**DATA RECORDS:**
__________________________________________________

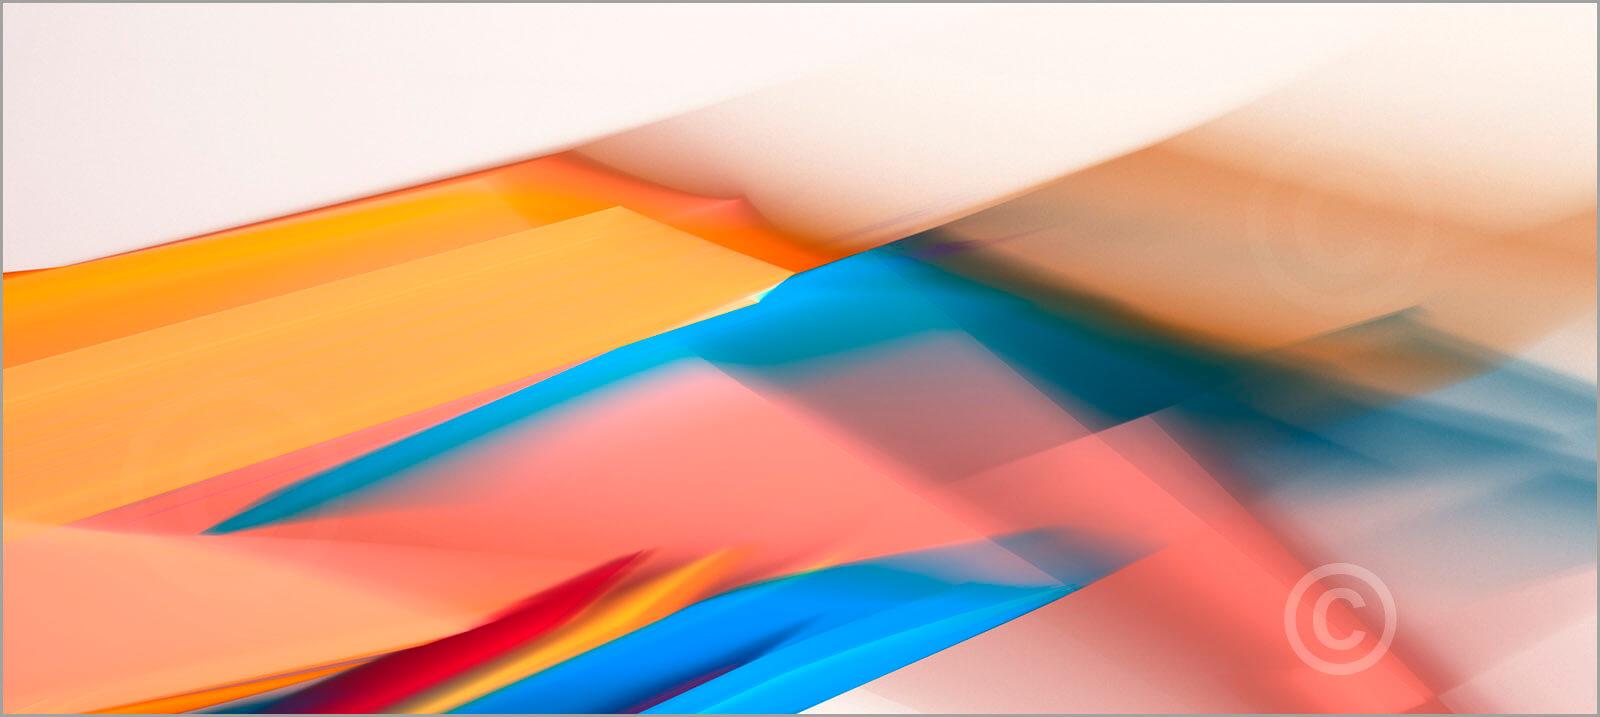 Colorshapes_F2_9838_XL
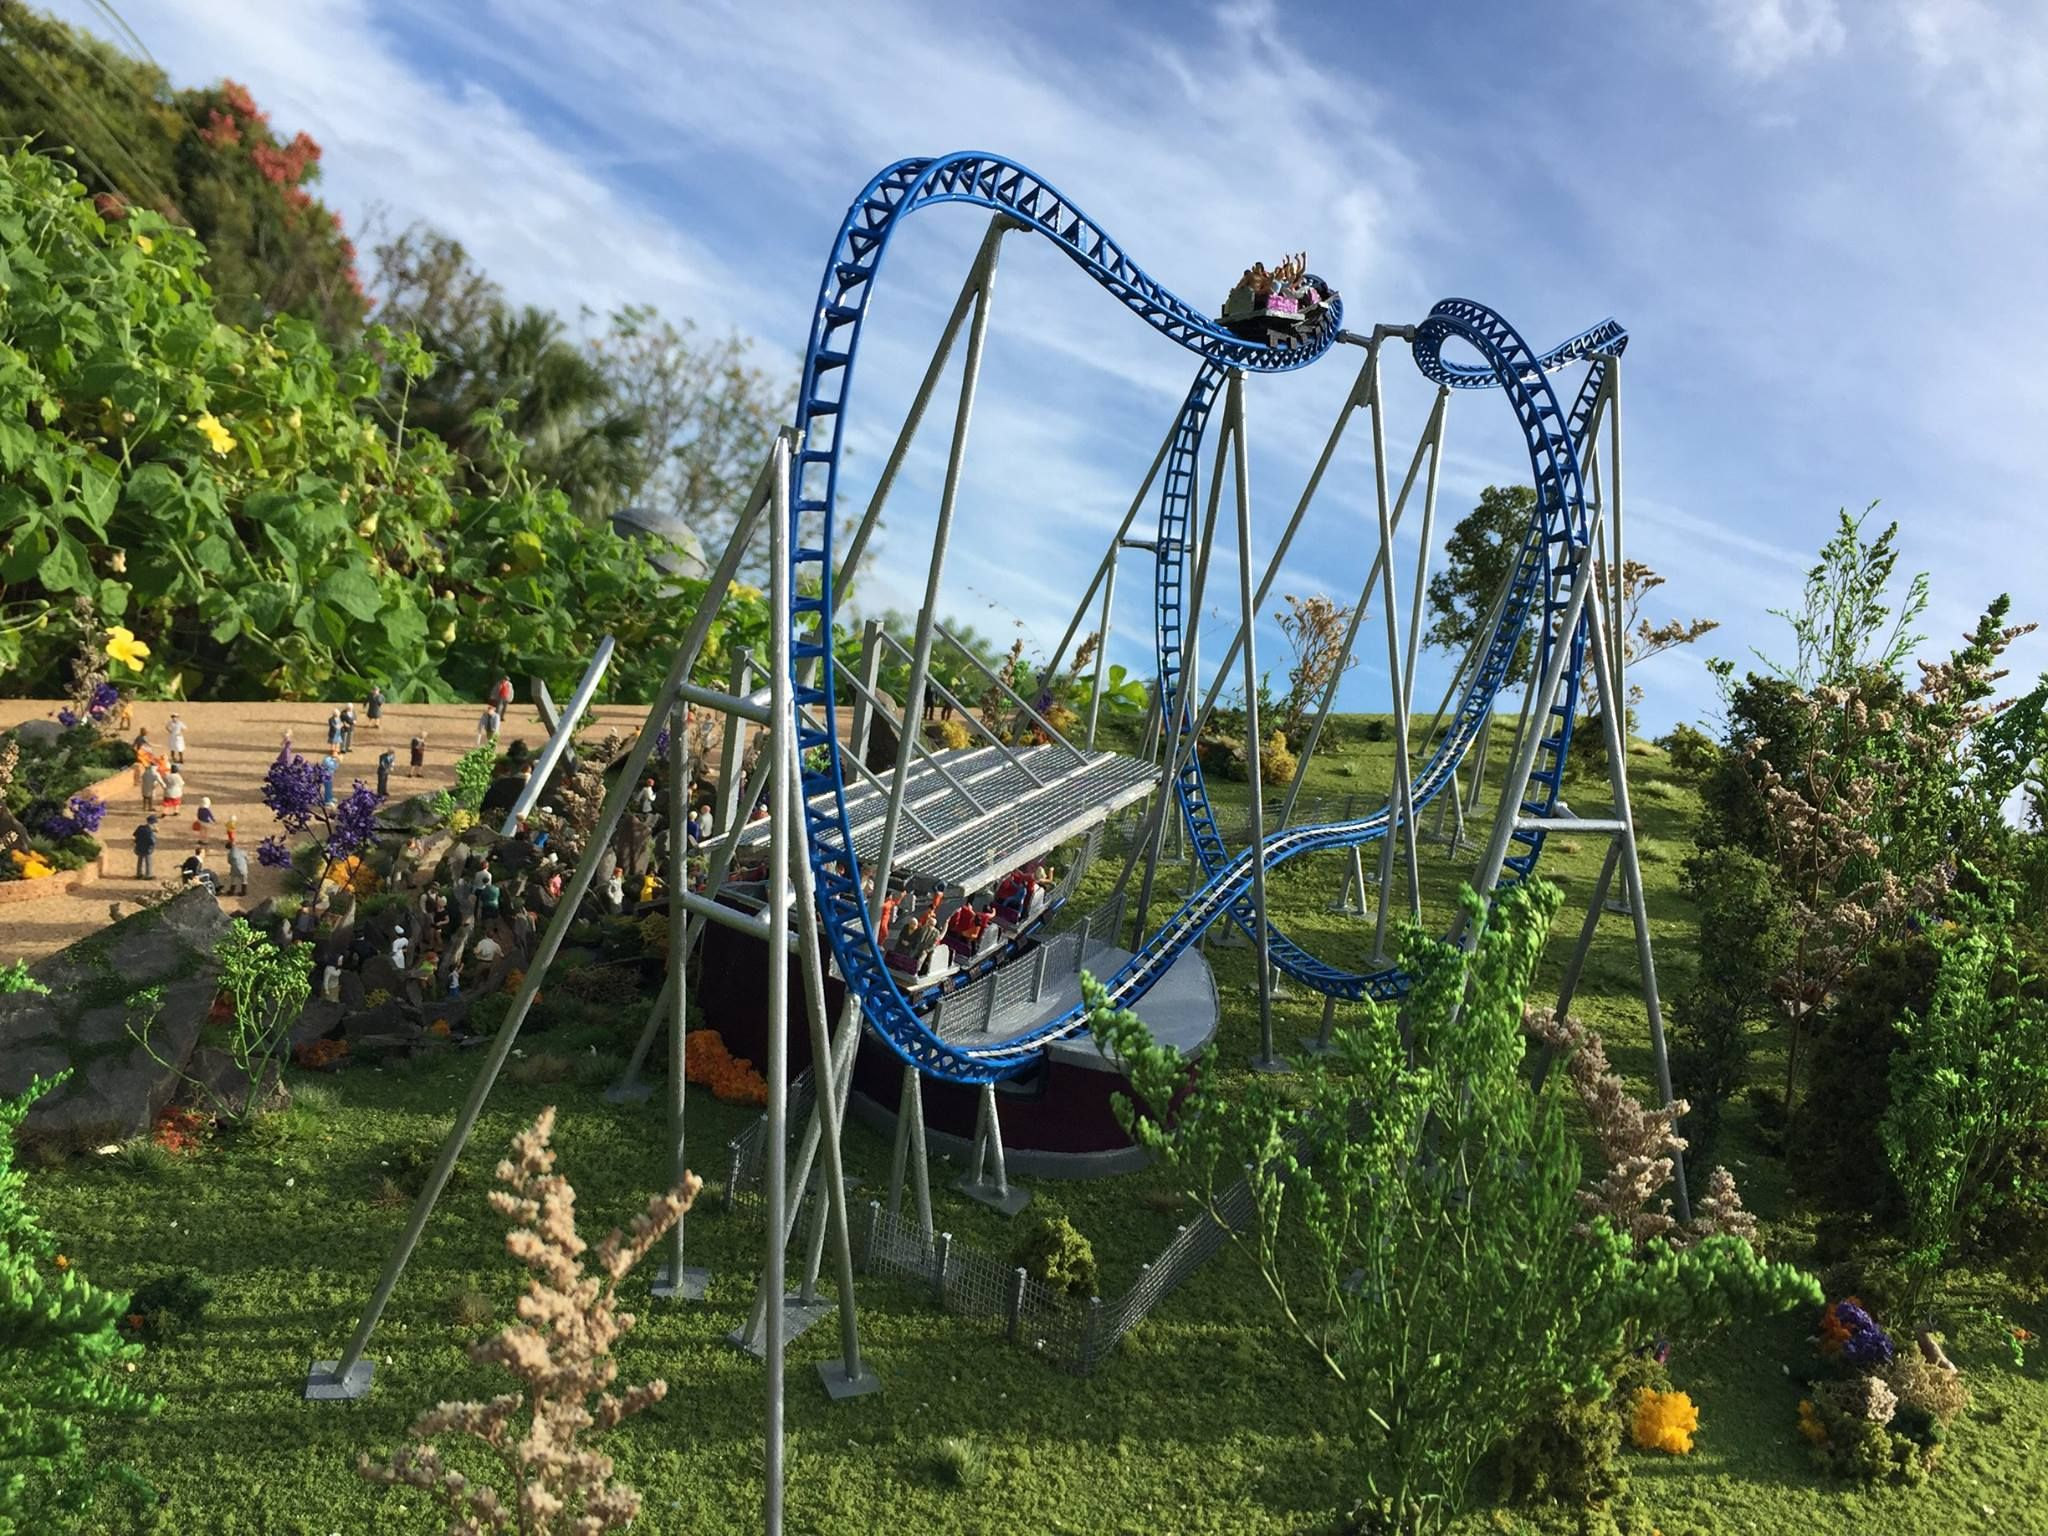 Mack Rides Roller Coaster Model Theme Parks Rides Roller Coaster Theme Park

__________________________________________________

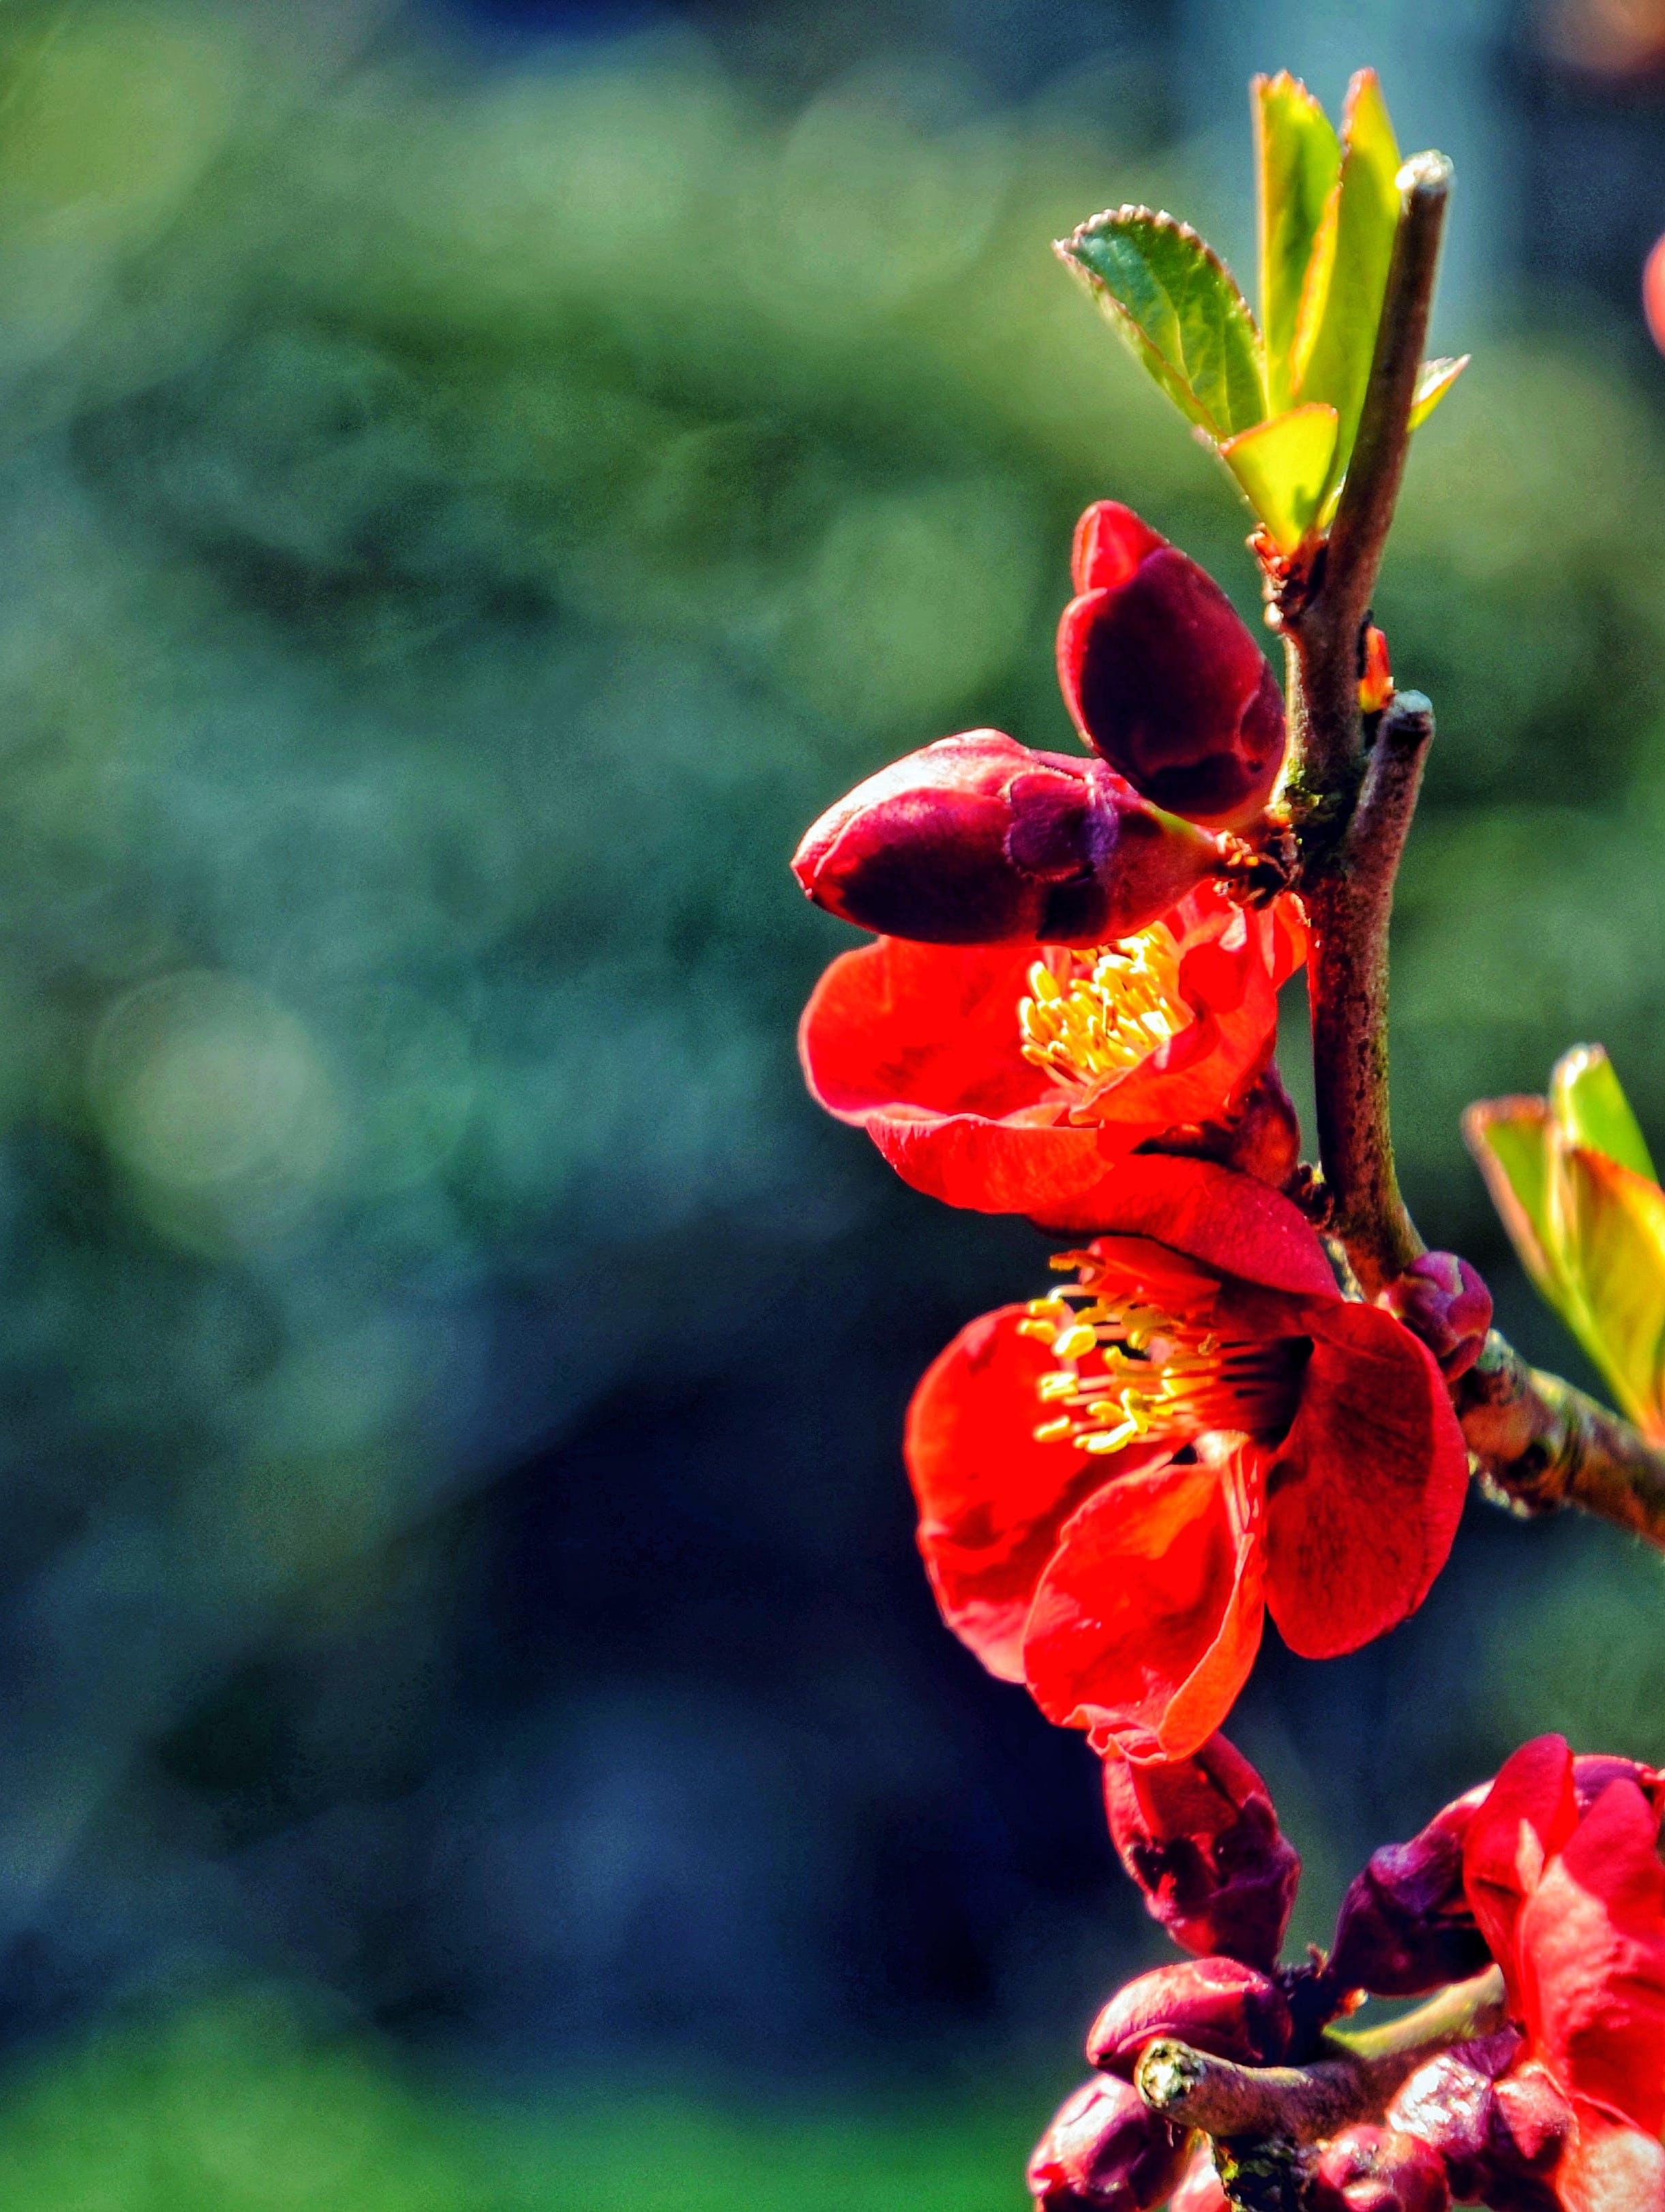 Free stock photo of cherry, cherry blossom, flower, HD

__________________________________________________

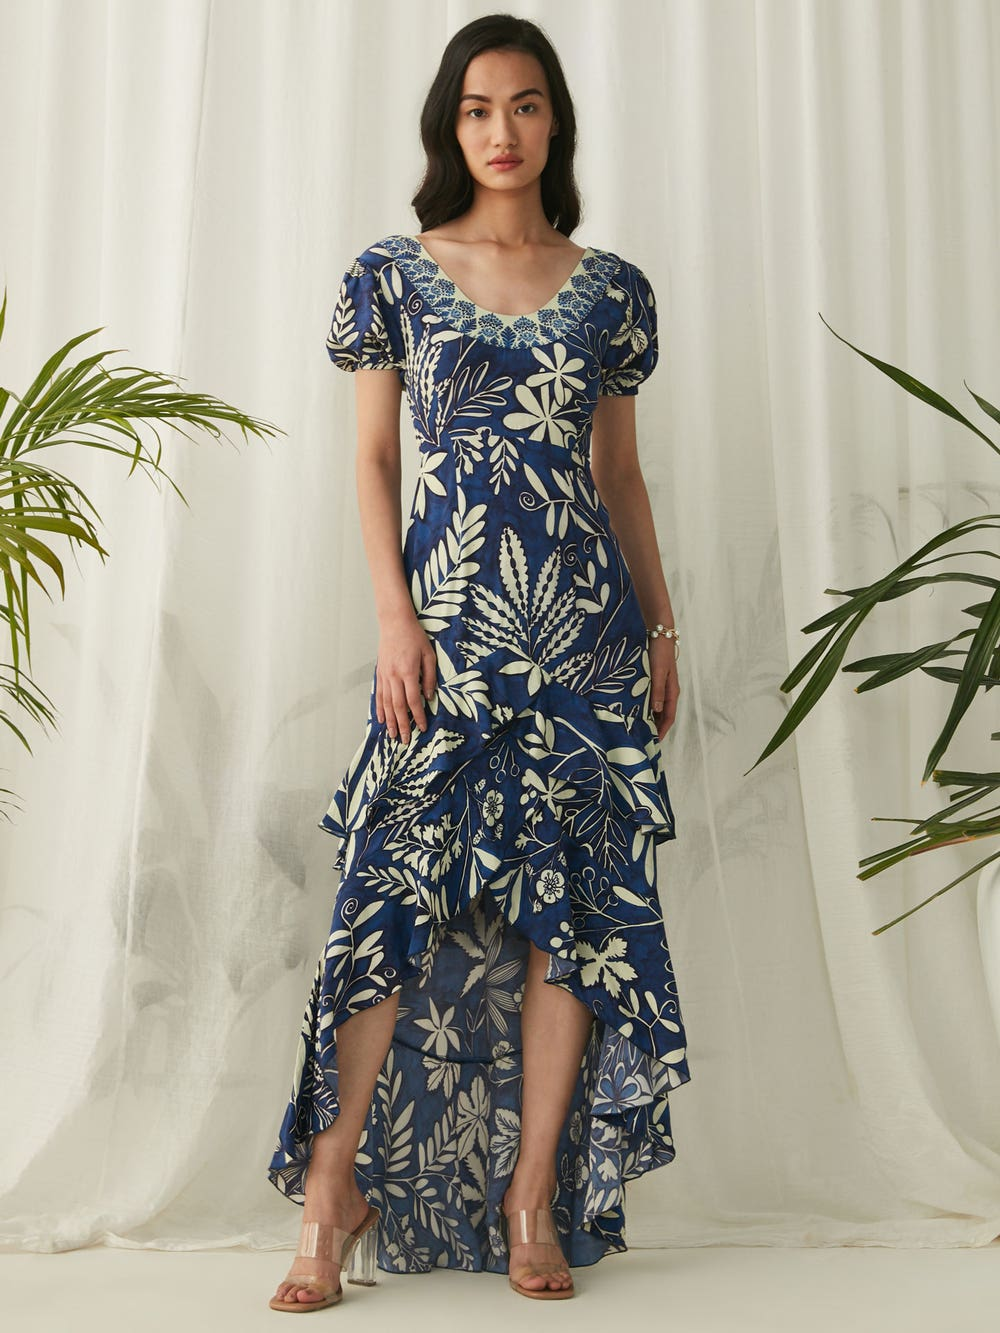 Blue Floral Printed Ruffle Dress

__________________________________________________

**WORK REQUIRED:** Above are the records. Copy only the lines from the one with "Colorshapes_F2_9838_XL" through the one with "Mack Rides Roller", exactly, with no pictures.

**TASK OUTPUT:**
 Colorshapes_F2_9838_XL
 Mack Rides Roller Coaster Model Theme Parks Rides Roller Coaster Theme Park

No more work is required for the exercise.